5 Hey! That’s mine! That’s mine!” Brown affirmed that the firearm belonged to

him, and Officer Galvan then detained Brown with handcuffs, placed him in a

patrol car, and advised him of his Miranda rights. After being read his rights,

Brown again confirmed that the firearm was his and explained that he had given

it to the passenger because he was scared.

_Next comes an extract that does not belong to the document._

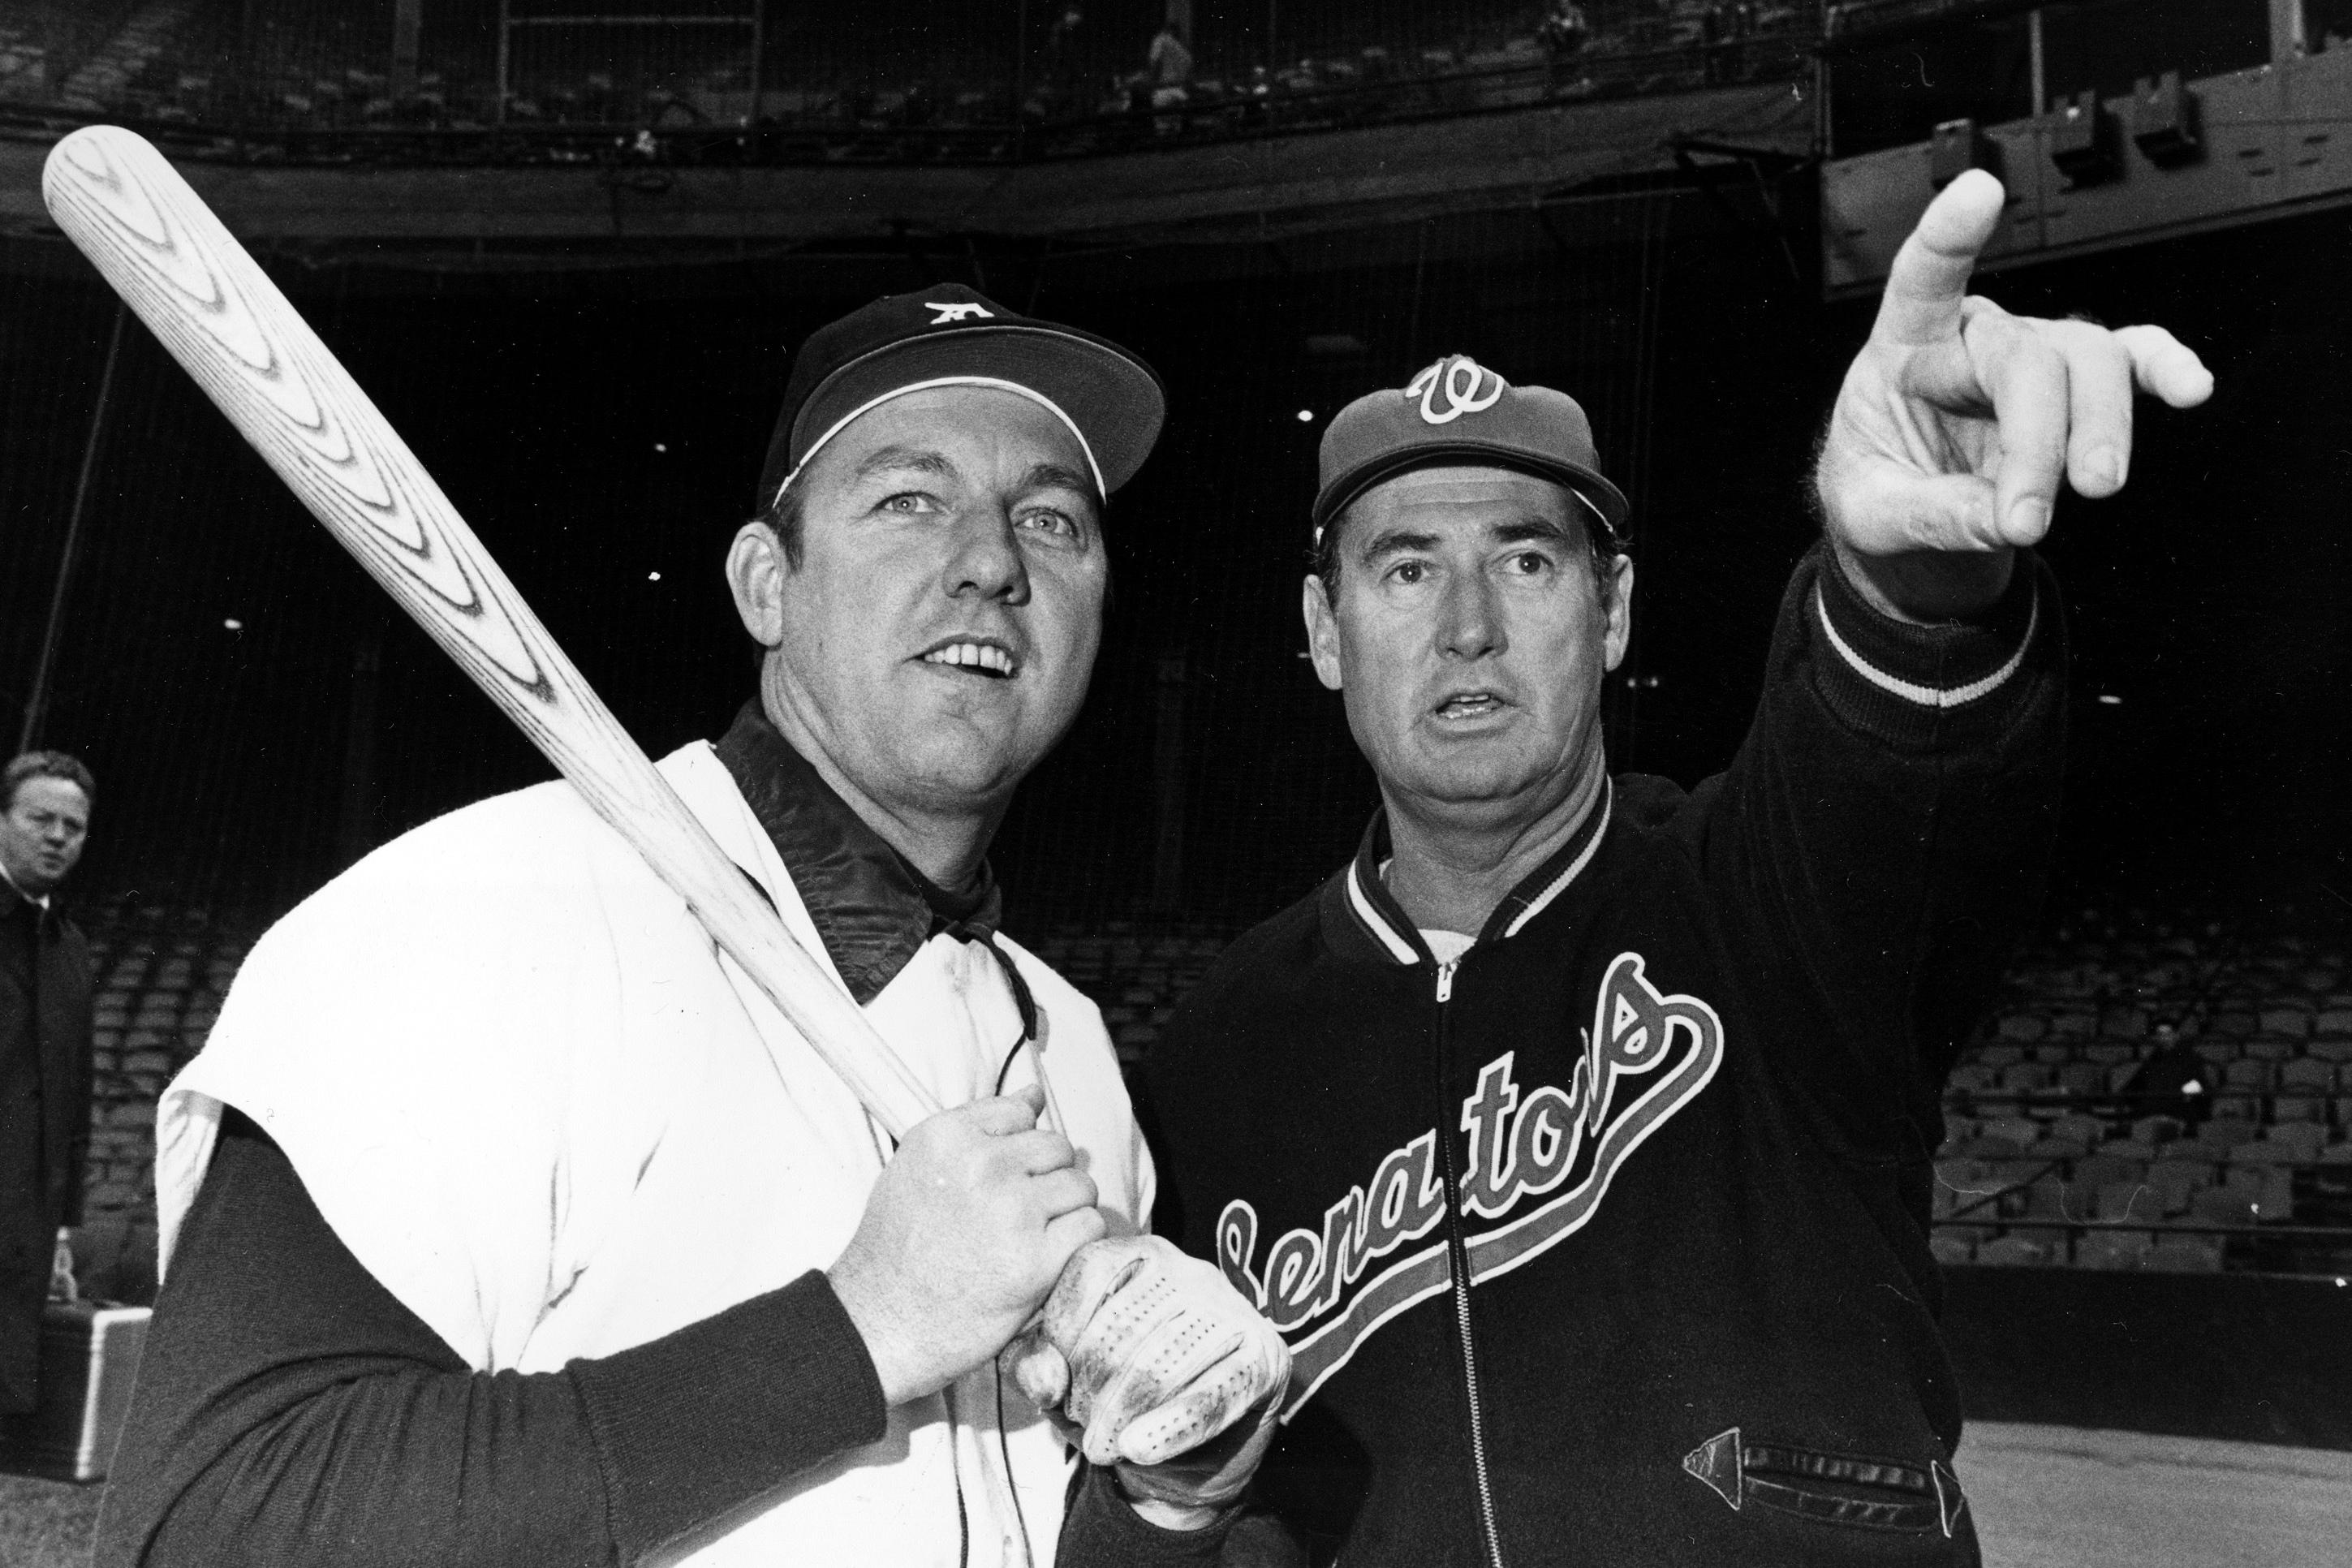 Hall of Famer Kaline dies; was known as 'Mr. Tiger', Sports

¶8 Brown was charged with one count of possession of a weapon by a previous

offender—juvenile offender.

¶9 Brown filed a motion to suppress the admission of the statements he made

to the officers, asserting that he was subjected to an investigative detention

unsupported by reasonable suspicion, which led to his formal arrest without

probable cause in violation of his Fourth Amendment rights. At the suppression

hearing, defense counsel elaborated, arguing that “from the very beginning of

[the] encounter it was an investigatory stop based on the officers’ actions, based

on where they parked, [and] how they approached.” Brown “would [not] have

believed he was [] free to leave” because “Officer Galvan’s squad car was parked

behind Mr. Brown’s in such a way that Mr. Brown could not back out without

hitting the squad car.”

¶10 Following multiple motions hearings, the trial court ruled that (1) the initial

contact was consensual; (2) the encounter turned into an investigatory stop once

Officer Galvan told Brown he was calling to have a dog brought to the scene;

6 (3) Brown did not have standing to challenge the search of the passenger, resulting

in discovery of the firearm; and (4) Officers Galvan and King did not have

reasonable and articulable suspicion that a crime had been committed, was being

committed, or was about to be committed to justify the seizure. Specifically, the

trial court found that because Officer Galvan indicated that he was not concerned

with the marijuana, he lacked justification for seizing Brown. Thus, the trial court

suppressed all statements obtained after Officer Galvan said he was calling for a

dog, including Brown’s statements that the firearm belonged to him.

¶11 The People then brought this interlocutory appeal.